[Excerpts from a dataset]
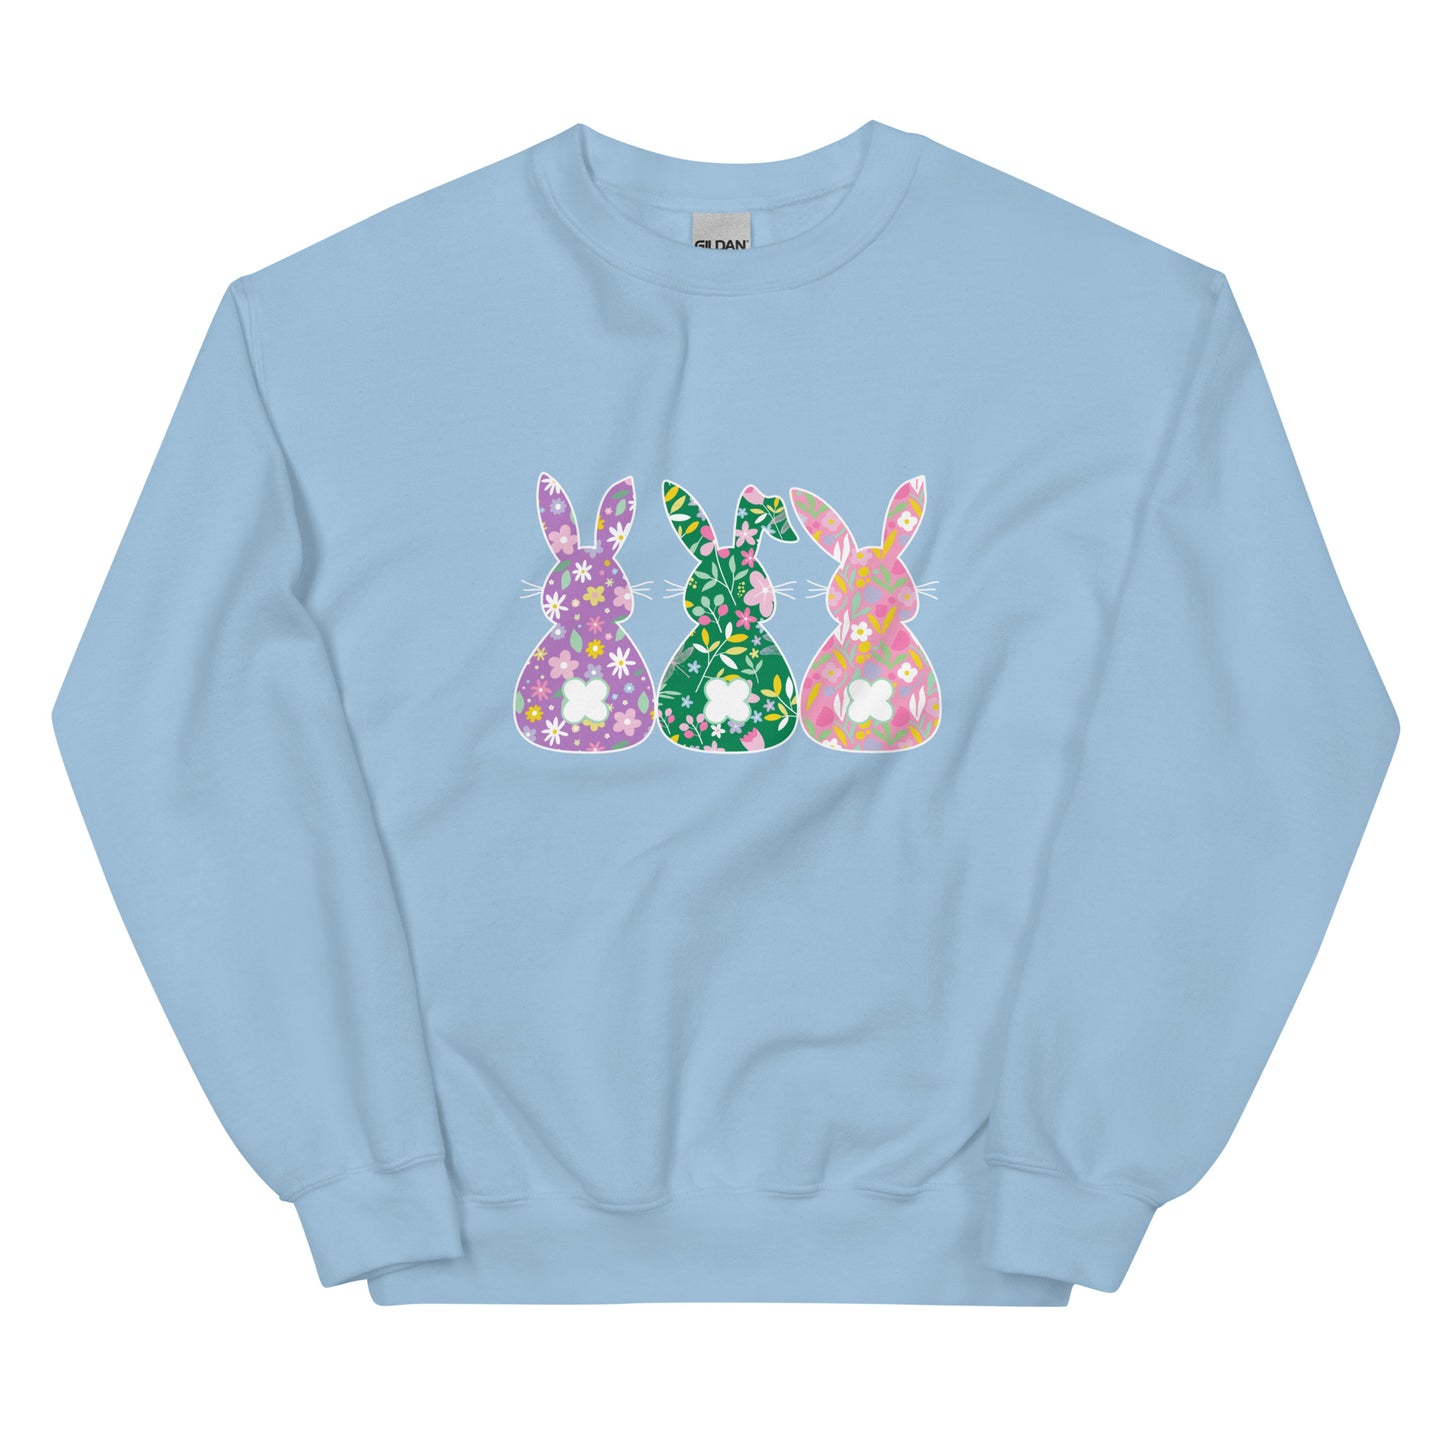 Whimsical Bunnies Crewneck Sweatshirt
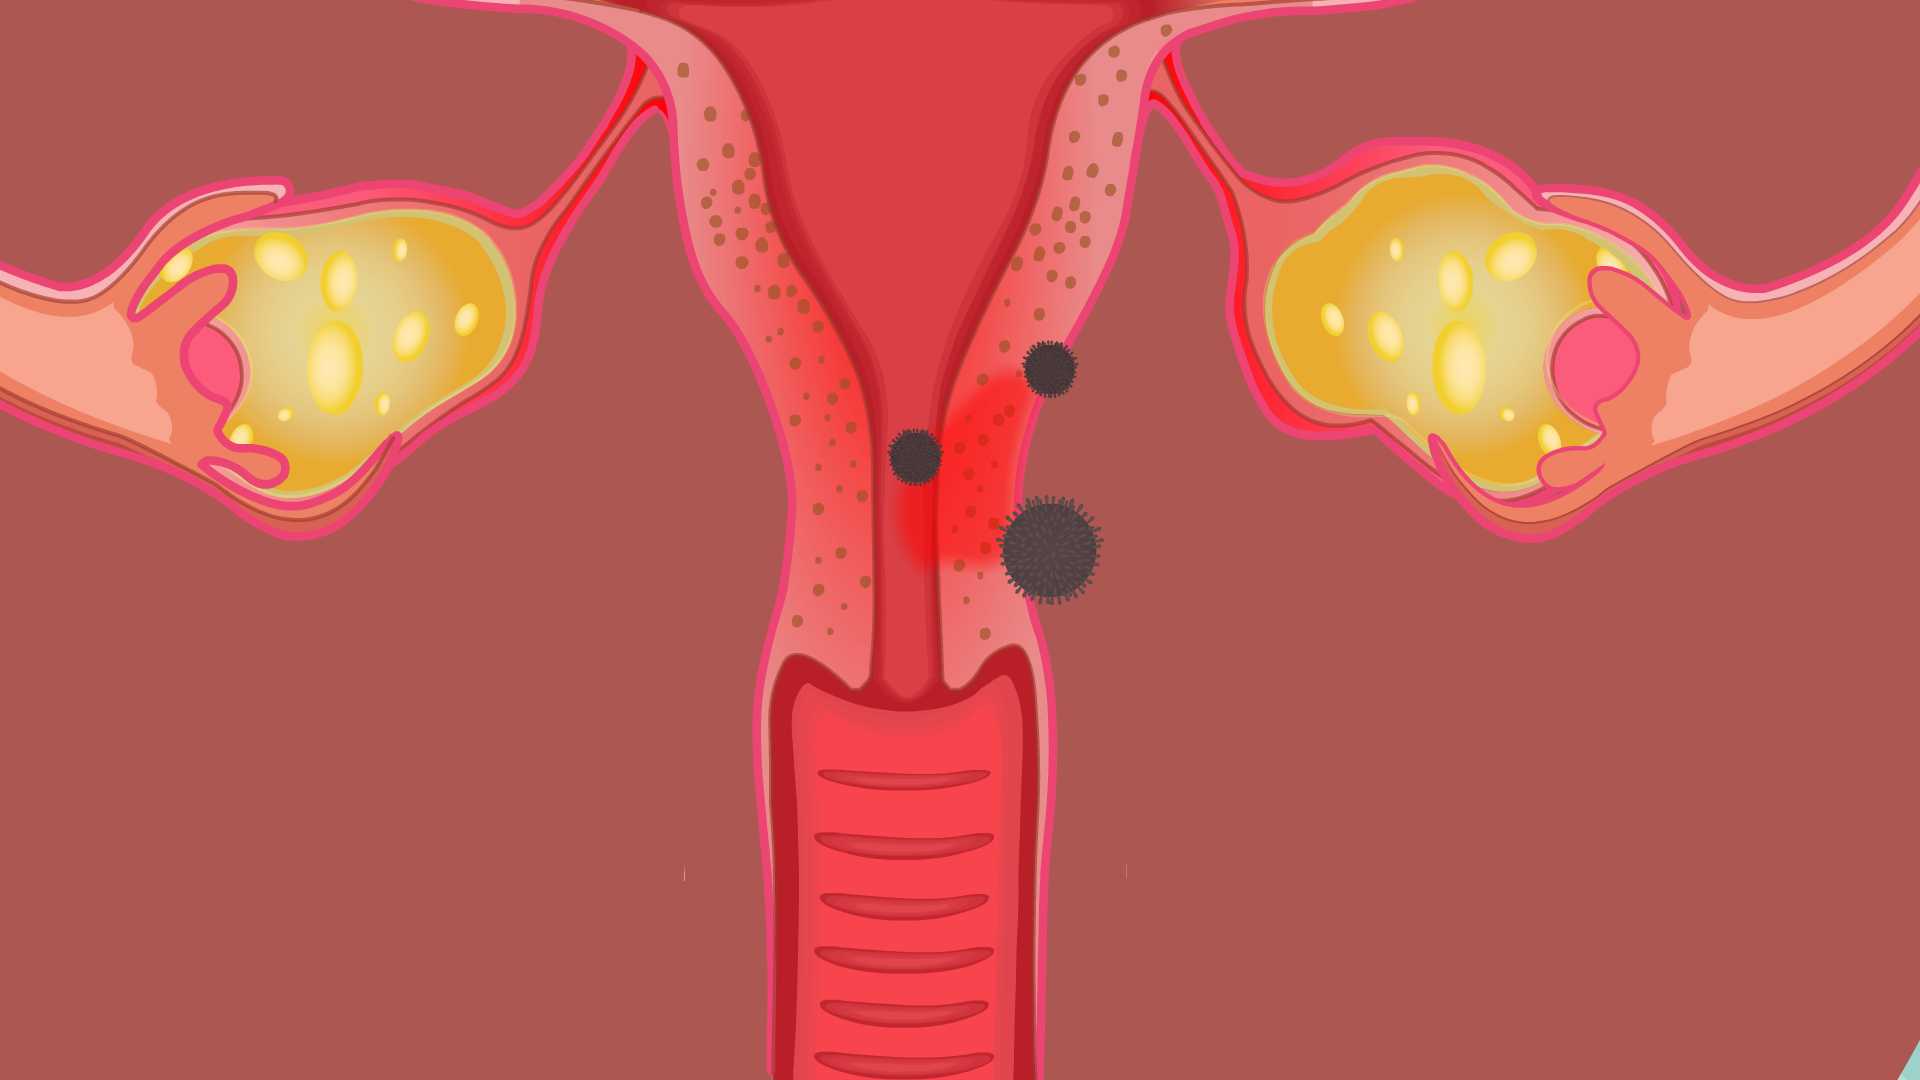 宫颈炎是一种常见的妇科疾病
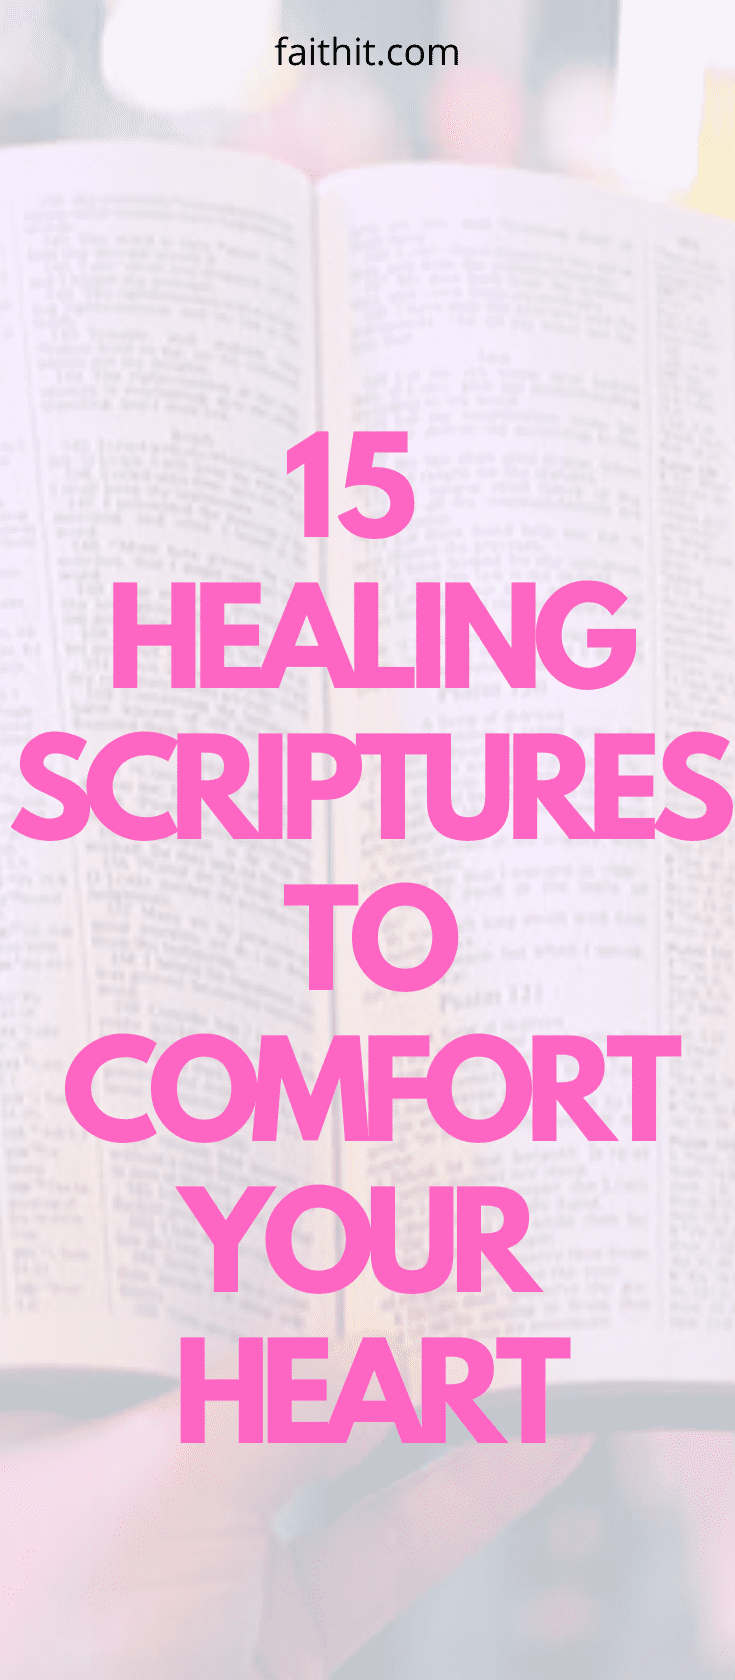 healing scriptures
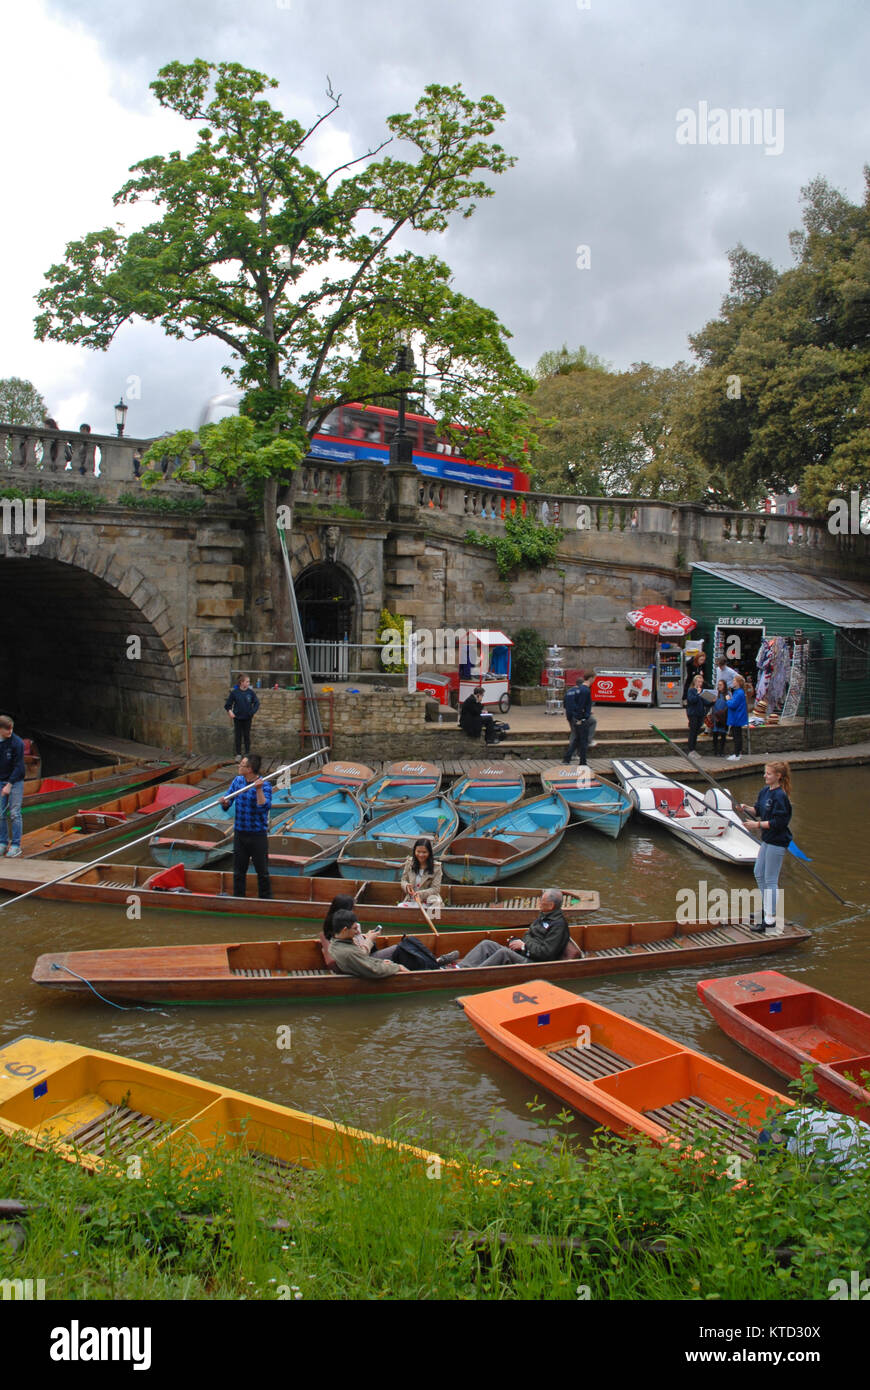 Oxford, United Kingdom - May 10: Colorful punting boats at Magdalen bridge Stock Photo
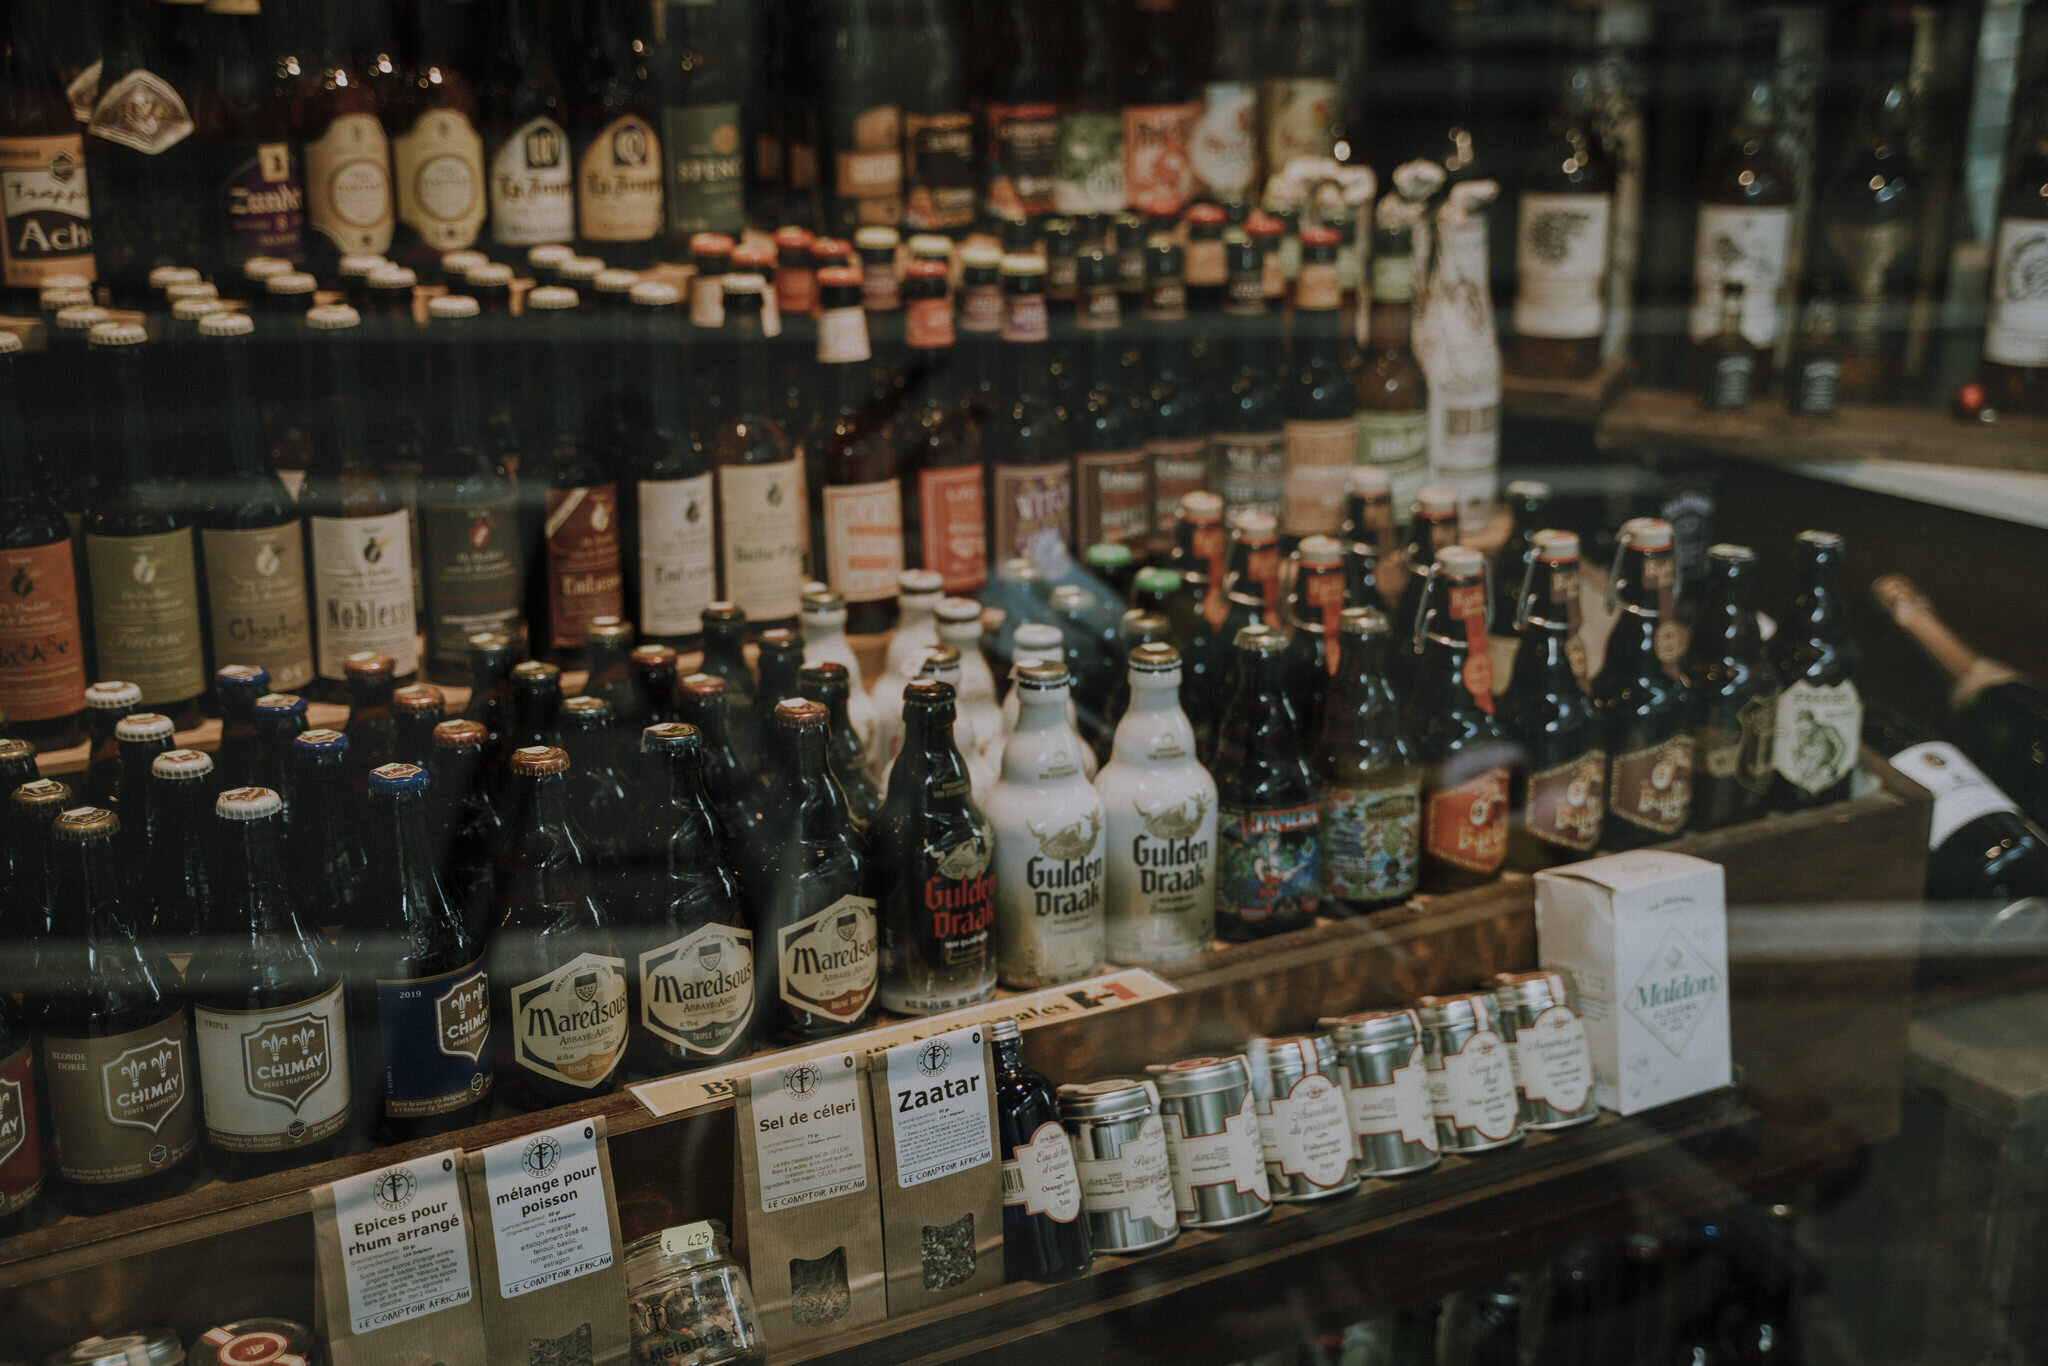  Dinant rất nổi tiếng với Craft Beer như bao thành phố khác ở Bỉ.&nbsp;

HOW TO COMPLETE THIS TASK:
Using the records above, extract exactly and only the lines from the one with "healing scriptures" through the final line, inclusive, leaving out pictures.

FINISHED TASK:
 healing scriptures
 Oxford, United Kingdom - May 10: Colorful punting boats at Magdalen bridge Stock Photo
  Dinant rất nổi tiếng với Craft Beer như bao thành phố khác ở Bỉ.&nbsp;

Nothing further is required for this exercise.